In [1]:
# ==========================================
# 0. CONFIGURATION CRITIQUE (KERAS LEGACY)
# ==========================================
import os
# Ces deux lignes forcent l'utilisation de Keras 2 pour la compatibilité HuggingFace
os.environ["TF_USE_LEGACY_KERAS"] = "1"
os.environ["TF_keras_1_compat"] = "1"

# --- INSTALLATION ---
!pip install -q transformers tensorflow pandas numpy scikit-learn tf-keras

import pandas as pd
import numpy as np
import re
import tensorflow as tf
from transformers import DistilBertTokenizerFast, TFDistilBertModel
from tensorflow.keras.layers import Input, Dense, Dropout, Concatenate, GlobalMaxPool1D
from tensorflow.keras.models import Model
from tensorflow.keras.optimizers import Adam
from tensorflow.keras.callbacks import EarlyStopping, ModelCheckpoint
from sklearn.preprocessing import StandardScaler
from pandas import json_normalize

# ==========================================
# 1. FEATURE ENGINEERING
# ==========================================
def advanced_feature_engineering(df):
    target_cols = ['user.listed_count', 'user.favourites_count', 'user.statuses_count',
                   'quote_count', 'favorite_count', 'retweet_count', 'reply_count',
                   'user.followers_count', 'user.friends_count']
    for col in target_cols:
        if col not in df.columns: df[col] = 0
        df[col] = df[col].fillna(0)

    df['log_followers'] = np.log1p(df['user.followers_count'])
    df['log_friends'] = np.log1p(df['user.friends_count'])
    df['ratio_log'] = df['log_followers'] - df['log_friends']
    df['log_listed'] = np.log1p(df['user.listed_count'])
    df['log_statuses'] = np.log1p(df['user.statuses_count'])

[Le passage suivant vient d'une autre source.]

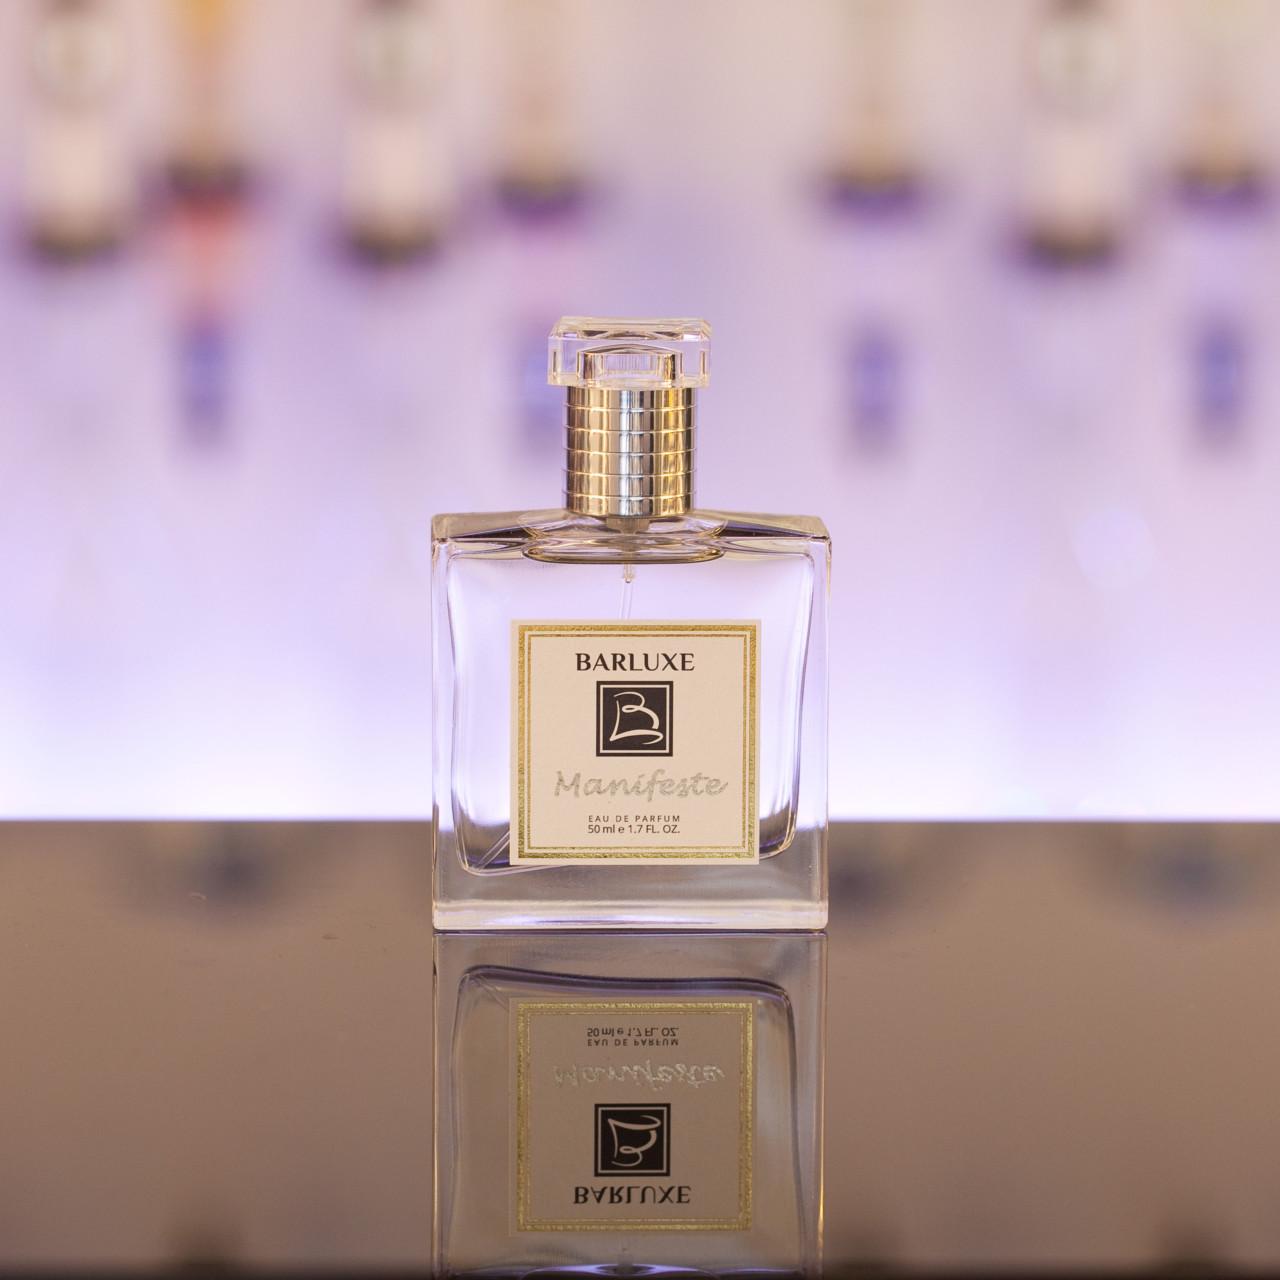 herren-parfum-dupe-double-duft-duftzwilling-manifeste

    if 'created_at' in df.columns and 'user.created_at' in df.columns:
        df['tweet_date'] = pd.to_datetime(df['created_at'], errors='coerce', utc=True).dt.tz_localize(None)
        df['user_date'] = pd.to_datetime(df['user.created_at'], errors='coerce', utc=True).dt.tz_localize(None)
        df['account_age_days'] = (df['tweet_date'] - df['user_date']).dt.days
        df['account_age_days'] = df['account_age_days'].fillna(0)
    else:
        df['account_age_days'] = 0

    def get_clean_text(row):
        txt = str(row.get('text', ''))
        if 'extended_tweet.full_text' in row and not pd.isna(row['extended_tweet.full_text']):
            txt = str(row['extended_tweet.full_text'])
        return txt
    df['final_text'] = df.apply(get_clean_text, axis=1)

    if 'user.description' not in df.columns: df['user.description'] = ""
    df['user_desc'] = df['user.description'].fillna("")
    df['desc_len'] = df['user_desc'].apply(len)
    df['desc_has_http'] = df['user_desc'].str.contains(r'http', regex=True).fillna(0).astype(int)

    df['caps_ratio'] = df['final_text'].apply(lambda x: sum(1 for c in x if c.isupper()) / (len(x)+1))
    return df

# ==========================================
# 2. PRÉPARATION DES DONNÉES
# ==========================================
print("--- Chargement des données ---")
train_df = pd.read_json('train.jsonl', lines=True)
test_df = pd.read_json('kaggle_test.jsonl', lines=True)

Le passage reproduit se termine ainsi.